Photo by Alina555 / iStock

The study, published in the Aug. 13 Archives of Internal Medicine, used data from the Coping with Cancer Study, which followed 396 terminally ill cancer patients from 2002 to 2008. Through questions asked to the patients and their caregivers, the study pinpointed nine factors that most influenced quality of life: intensive care stays, hospital deaths, patient worry, religious prayer or meditation, site of care, feeding tube use in the final week, pastoral care in the hospital, chemotherapy in the final week, and the relationship between patients and their physicians.

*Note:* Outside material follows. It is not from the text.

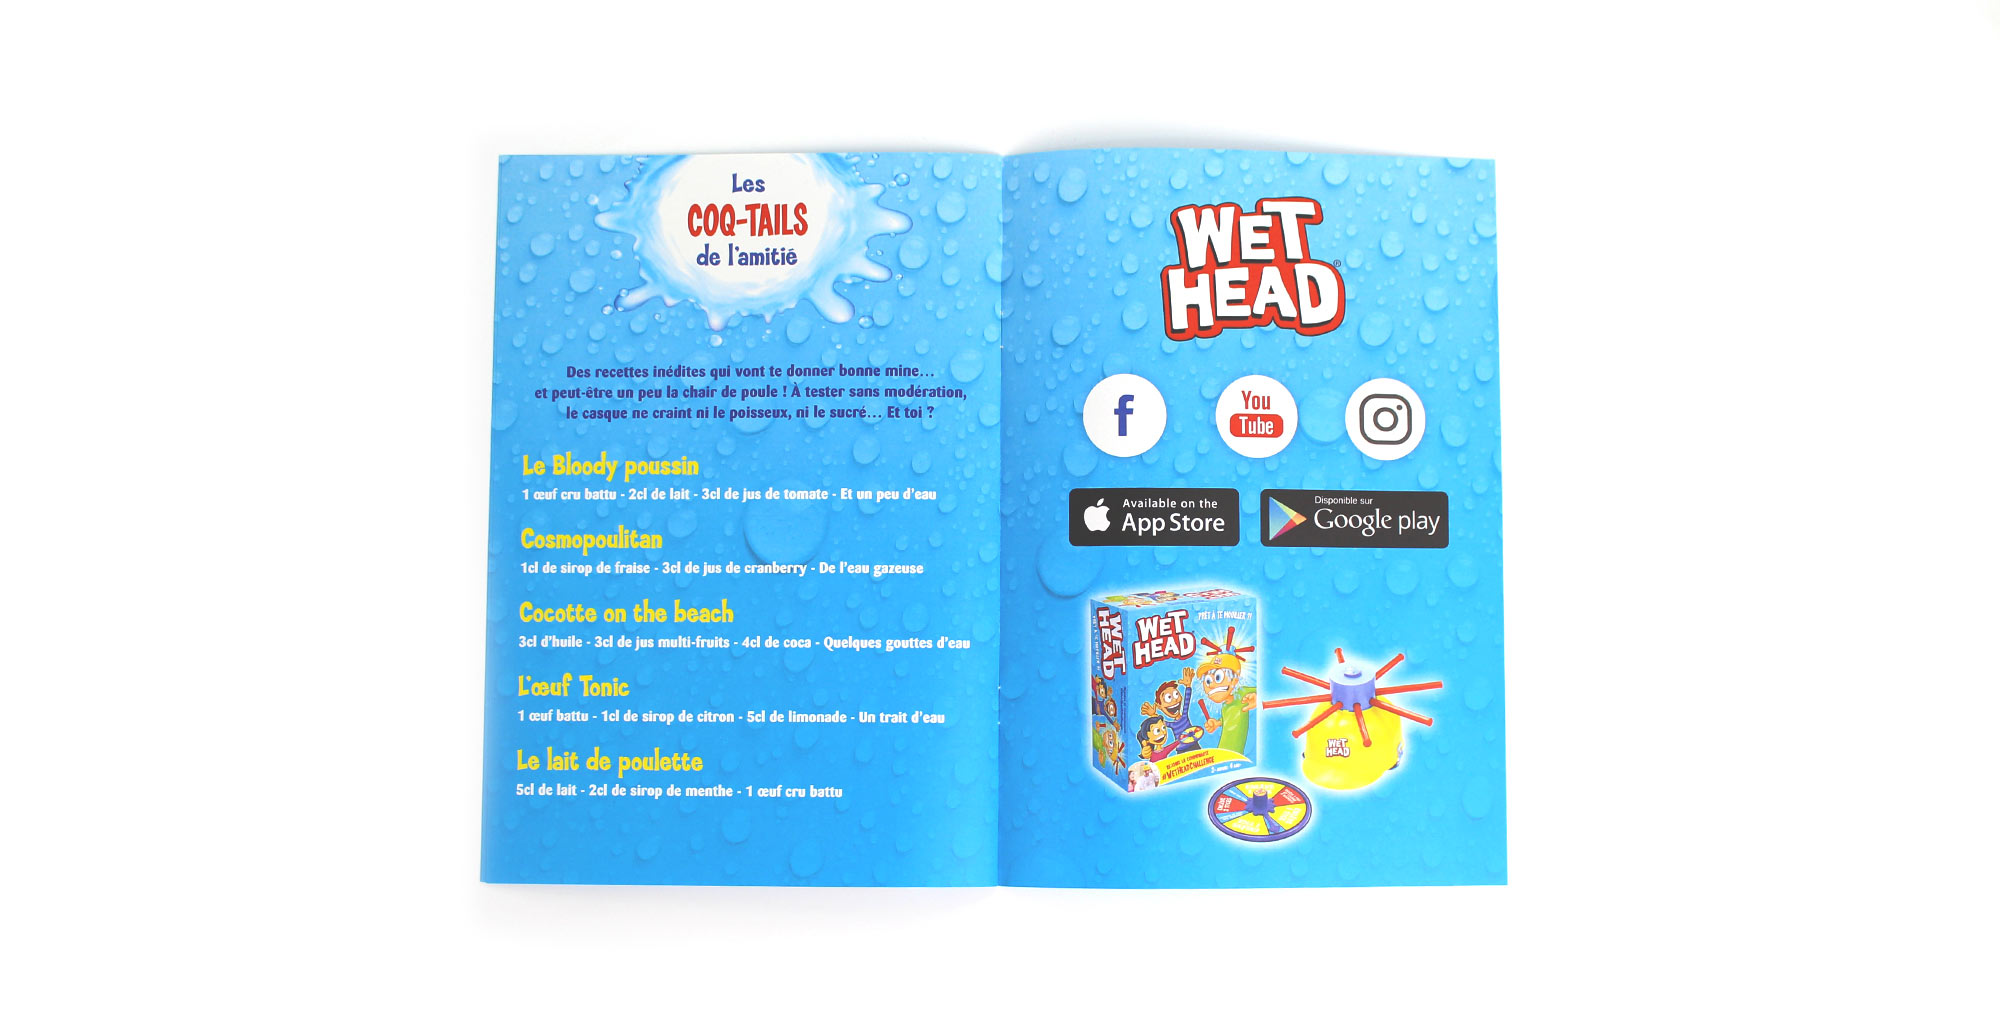 Sharing Agency - Stratégie de communication pour Wet Head Challenge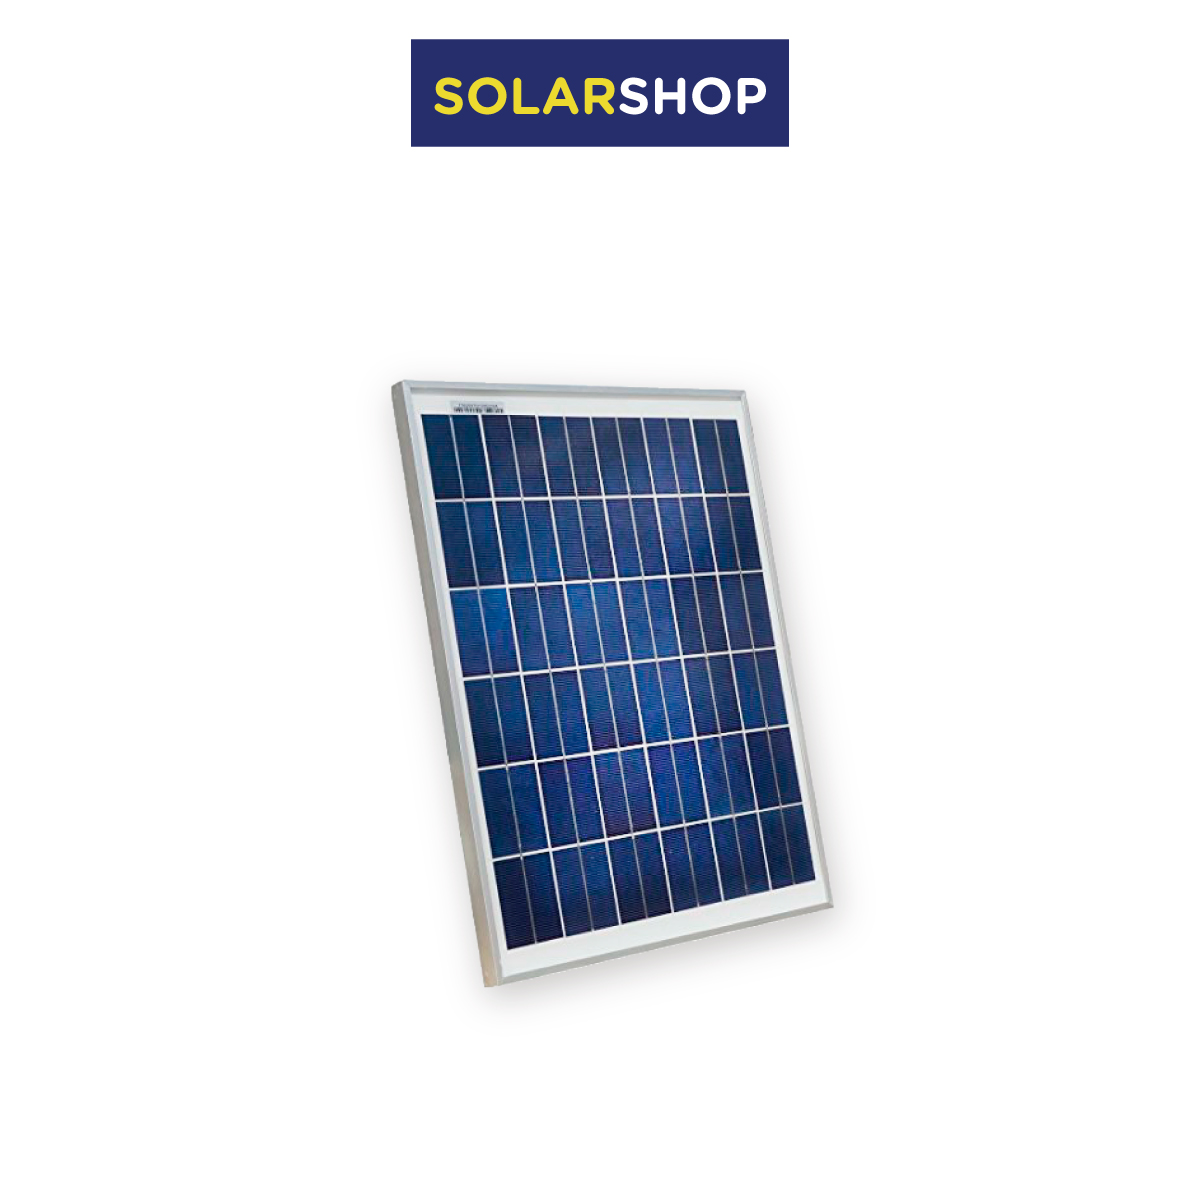 https://www.fluxtienda.com/shared/panel-solar-150-vatios-monocristalino-8878fb72-6307-0a3a-3b8b-5e22eeb184d4.-cuadro-t%C3%A9cnico-panel-solar-150w-solarshop-monocristalino

“There’s almost a dose-response relationship between aggressive medical procedures—like feeding tubes, ventilators and resuscitation—and impaired quality of life in the last week,” says Holly Prigerson, a psycho-oncologist at Dana-Farber Cancer Institute in Boston. “The single most important factor was whether a patient spent the final week in the intensive care unit (ICU) or at home.”

End-of-Life Resources

These services offer information about your options for end-of-life care.

On the flip side, a strong doctor-patient relationship was one of the most important factors that contributed to a better quality of life. “It is really important that patients feel their doctors respect them and see them as a whole person,” says Prigerson. “Patients don’t want to feel as though their doctor is abandoning them just because there are no more medical treatments left to give.”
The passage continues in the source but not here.